Les rédacteurs de la maison d'édition pragoise dirigée par l'Union des écrivains l'aimèrent tout de suite, mais le manuscrit devait être soumis au bureau de la censure. Une année durant, je ne sais combiend de fois, j'y fus convoqué. On me demandait de profondes transformations, d'immenses coupures. Je refusais chaque fois de changer quoi que ce soit et, curieusement, les exigences des apparatchiks diminuaient d'un entretien à l'autre. Histoire aujourd'hui à peine croyable : dans les années soixante, par sa force de contagion, la mentalité libérale décomposait le système, culpabilisait le pouvoir, en sorte que même les censeurs ne censuraient plus comme il fallait ; à la grande surprise de tous, le manuscrit fut un jour envoyé à l'imprimerie tel quel.

Une fois édité (c'était au printemps 1967), le roman fut accueili avec une faveur quasi unanime et l'Union des écrivains tchèques lui décerna son prix de l'année 1968. Auteur jusqu'alors peu connu, j'ai vu, dans un court délai, trois éditions rapidement épuisées et le titrage glmobal atteindre 120 000 exemplaires. Un an après, l'invasion russe bouleversa tout. La plaisanterie fut couvert d'injures au cours d'une longue campagne de presse, interdit (ainsi que mes autres livres) et retiré des bibliothèques publiques..."

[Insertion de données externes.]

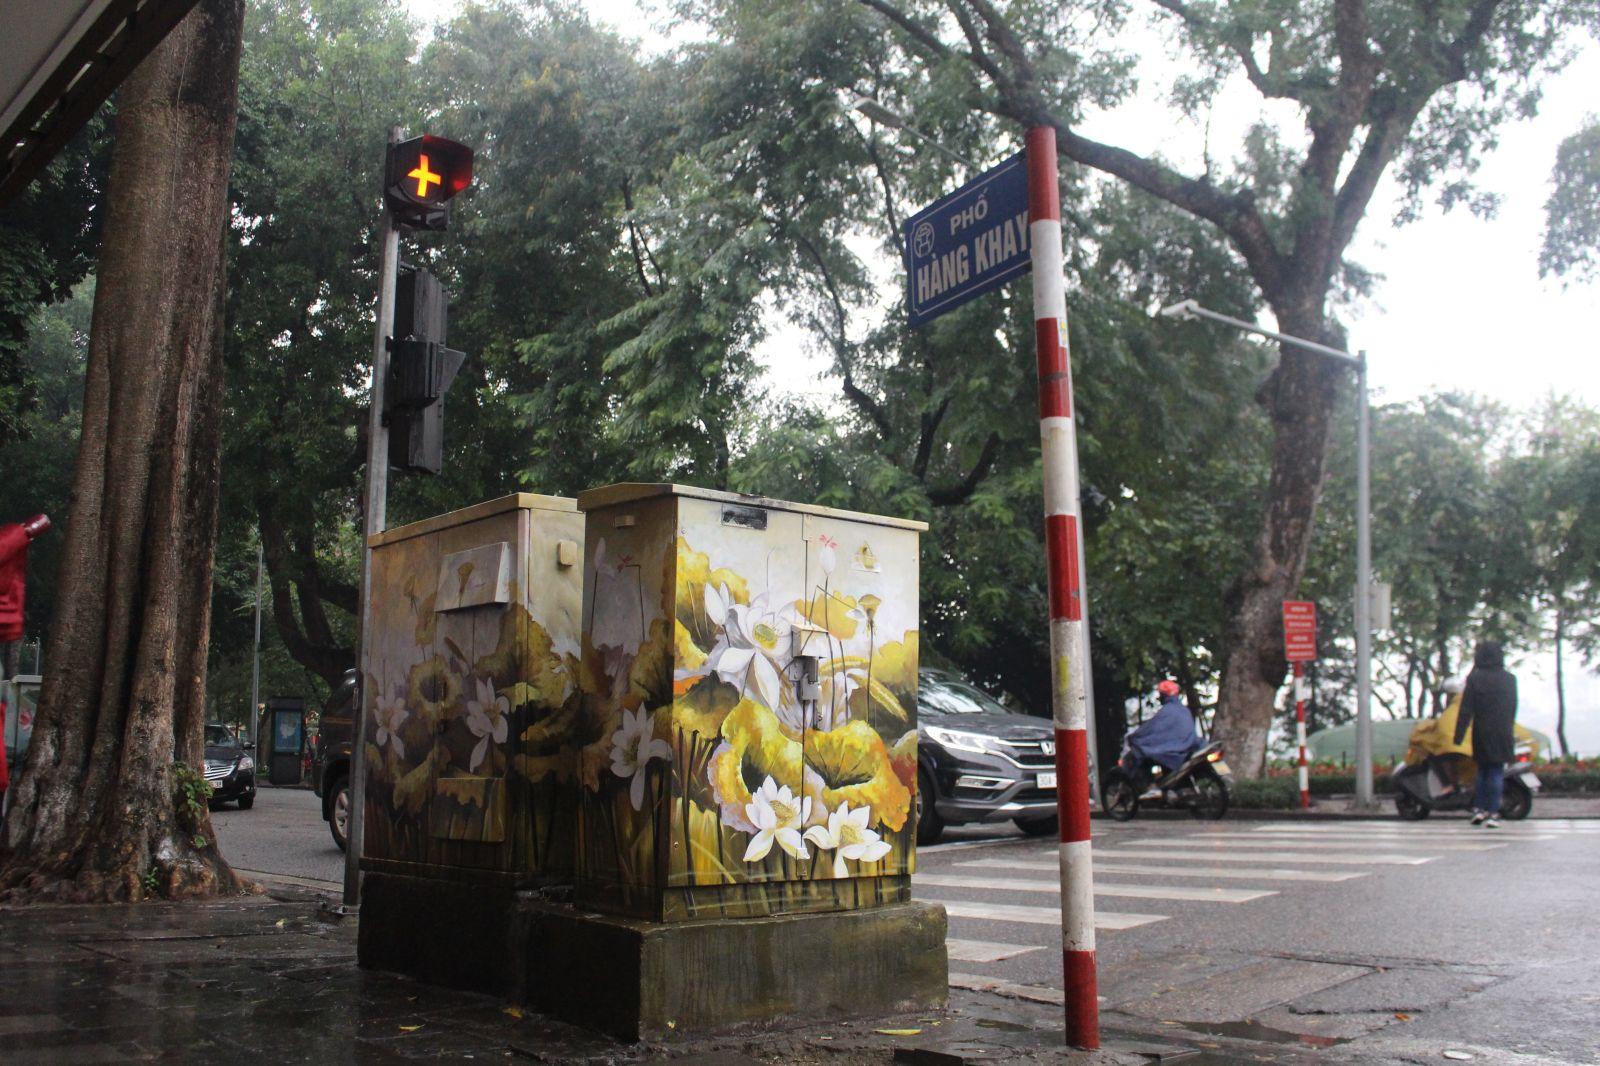 : Hàng Khay, Ngô Quyền, Tràng Thi là những con phố mà các bốt điện đang được tô điểm bộ mặt nghệ thuật

Alain Finkielkraut évoque La plaisanterie dans Un coeur intelligent :

"On n'a pas besoin de la littérature pour apprendre à lire. On a besoin de la littérature pour soustraire le monde réel aux lectures sommaires, que celles-ci soient le fait du sentimentalisme facile ou de l'intelligence implacable. La littérature nous apprend à nous défier des théorèmes de l'entendement et à substituer au règne des antinomies celui de la nuance. Elle répudie le mélodrame et elle rappelle, pour le dire avec les mots pascaliens de Constantin Noïca, "qu'aucune réussite de l'esprit de géométrie ne saurait absoudre l'homme de ses responsabilités envers l'esprit de finesse." (La muflerie du vrai, lecture de Washington square de Henry James)
Mais il arrive aussi que le lecteur "ne comprenne pas la plaisanterie" ("L'homme pense, Dieu rit"), ou que la lumière de l'intelligence peine à toucher les coeurs enténébrés : "Défiant, au nom du droit au désir, les conventions sociales, les institutions politiques et le principe de rendement, nous nous sommes identifiés aux malheurs de Ludvik (le "héros" de La Plaisanterie, communiste fervent, relégué dans un camp par ses "camarades" à cause d'une innocente "plaisanterie") et nous l'avons célébré comme l'un des nôtres. Tout à notre reconnaissance, nous avons occulté le fait, pourtant flagrant, qu'il était une victime non de l'Etat ou du système, mais de l'ardeur insurrectionnelle."
Ce même Ludvik qui découvre avec effroi que les "écussons noirs" (les prisonniers politiques) reproduisent dans le camp vis-à-vis d'un camarade plus vulnérable l'ostracisme dont ils ont eux-mêmes été les victimes : "Les écussons noirs se sont montrés capables de traquer un homme comme la collectivité qui avait chassé Ludvik et peut-être, pense-t-il, comme toute collectivité humaine. Autrement dit, il n'y a pas d'union sans union sacrée et pas d'union sacrée sans victime expiatoire. Privée de l'aliment de la haine, la fraternité dépérirait : pour exister, elle a besoin de chair fraîche."